Economic Gloom Continues in January Traffic
International passenger demand fell by 5.6% in January 2009 compared to the same month in 2008, according to figures released this morning by the
International Air Transport Association which noted that the results are a full percentage point worse than the 4.6% year-on-year drop recorded in December. The January fall in demand is the fifth consecutive month of contraction.
The 5.6% drop in passenger demand outpaced capacity cuts of 2.0% driving the load factor to 72.8% - 2.8% below what was recorded for January 2008.
The alarming collapse in cargo markets in December (-22.6%) worsened in January 2009 with a 23.2% year-on-year demand drop, said IATA. This is the eighth consecutive month of contraction for freight traffic.
“Alarm bells are ringing everywhere,” said Director General and CEO Giovanni Bisignani. “Every region’s carriers are reporting big drops in cargo. And, aside from the Middle East carriers, passenger demand is falling in all regions. The industry is in a global crisis and we have not yet seen the bottom. The only good news is that fuel prices remain well below last year’s level. But the drop in demand is much more harmful. The industry is shrinking with revenues expected to fall by US$35 billion to US$500 billion, delivering a loss of US$2.5 billion this year.

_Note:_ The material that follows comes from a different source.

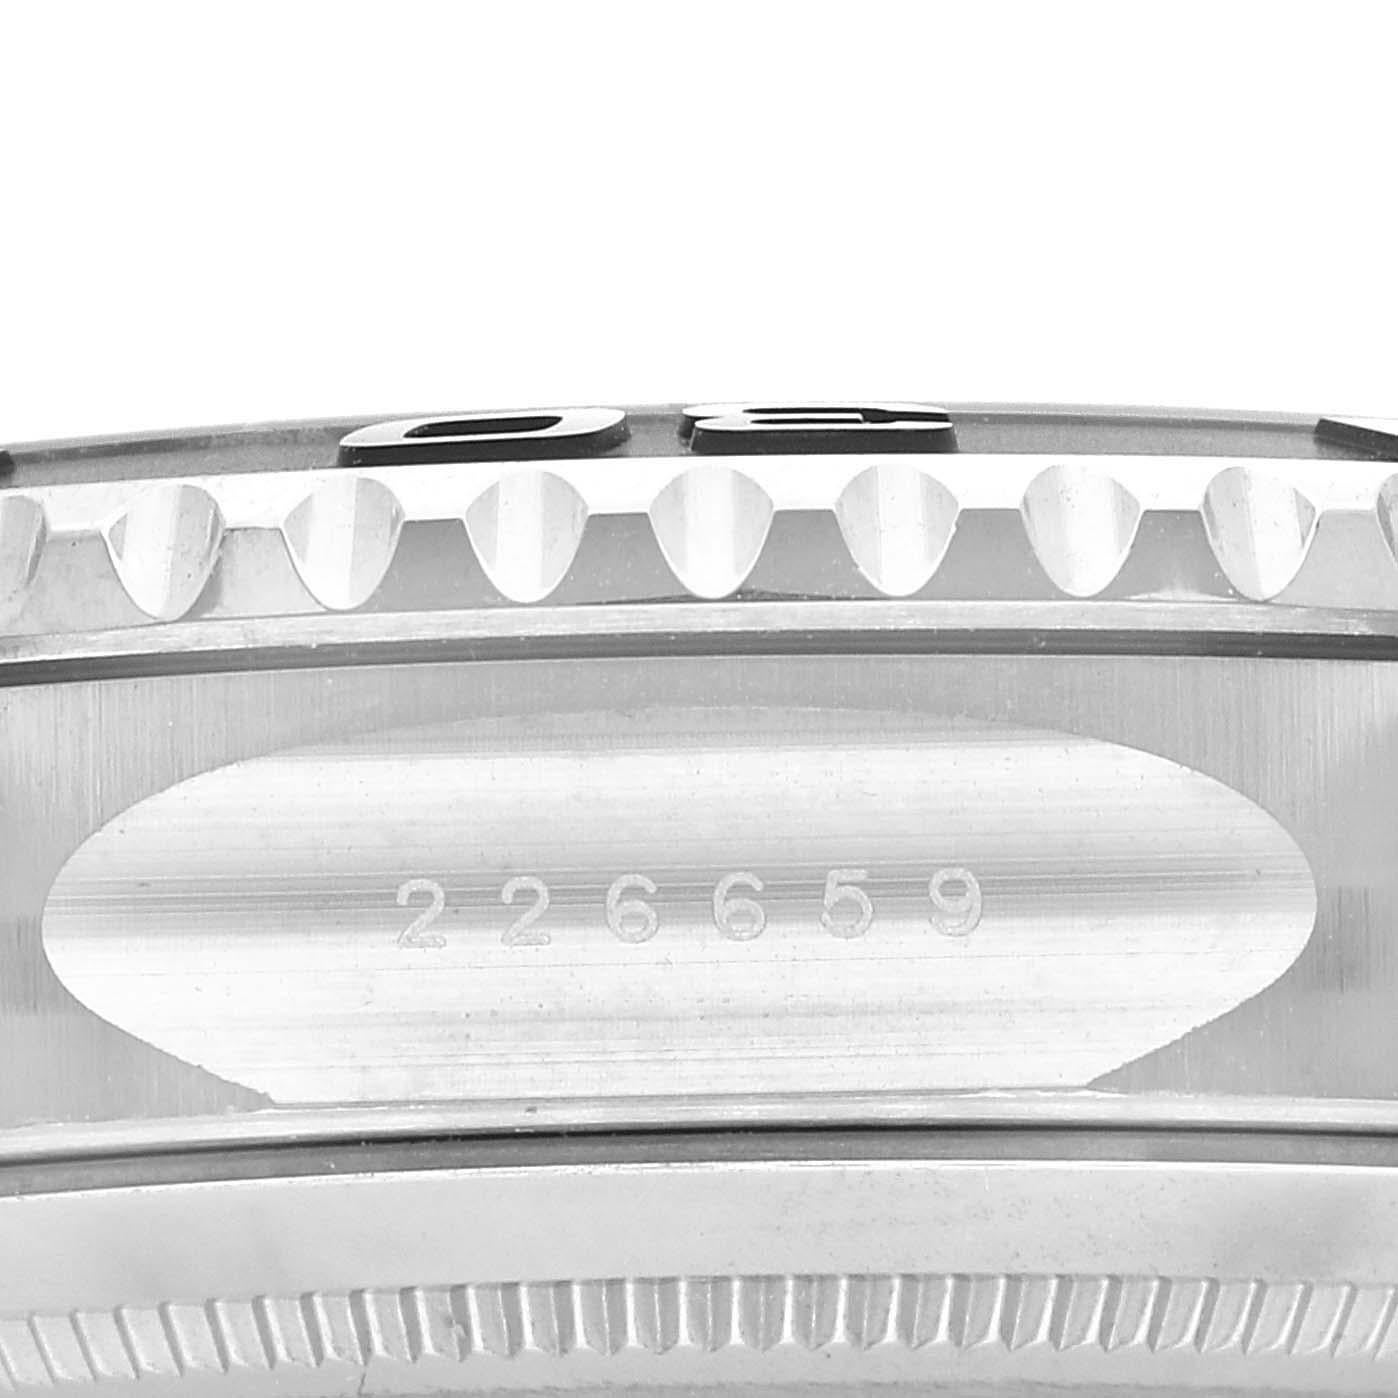 Rolex Yachtmaster White Gold Oysterflex Bracelet Mens Watch 226659 Box Card 2

“Airlines remain in intensive care,” he continued, “but while others ask for government bailouts, our demands on governments are much more modest. First, don’t tax us to death in order to pay for investments in the banking industry. This includes the UK government’s plans to increase its multi-billion pound Air Passenger Duty and the Dutch Government’s misguided departure tax. In 2008, even as governments delivered tax breaks to stimulate economic growth, the airline industry took on an additional tax burden of US$6.9 billion. Second, give airlines the commercial freedoms that every other business takes for granted. With the world’s capital markets in disarray, archaic ownership restrictions are an unnecessary burden that must be lifted. Today’s crisis highlights the need to change the structure of this hyper-fragmented and fragile industry.”
Passenger
• Asian carriers led the decline in passenger demand with an 8.4% year-on-year drop in January. While this is slightly better than the 9.7% contraction in December, this is positively skewed by Chinese New Year which fell at the end of January 2009 (and which was in February the year before). Capacity in the region contracted 4.3%. With Japan, the region’s largest market for air travel, expected to see its economy contract by an unprecedented 5% in 2009, the prospects for traffic in the region remain dismal.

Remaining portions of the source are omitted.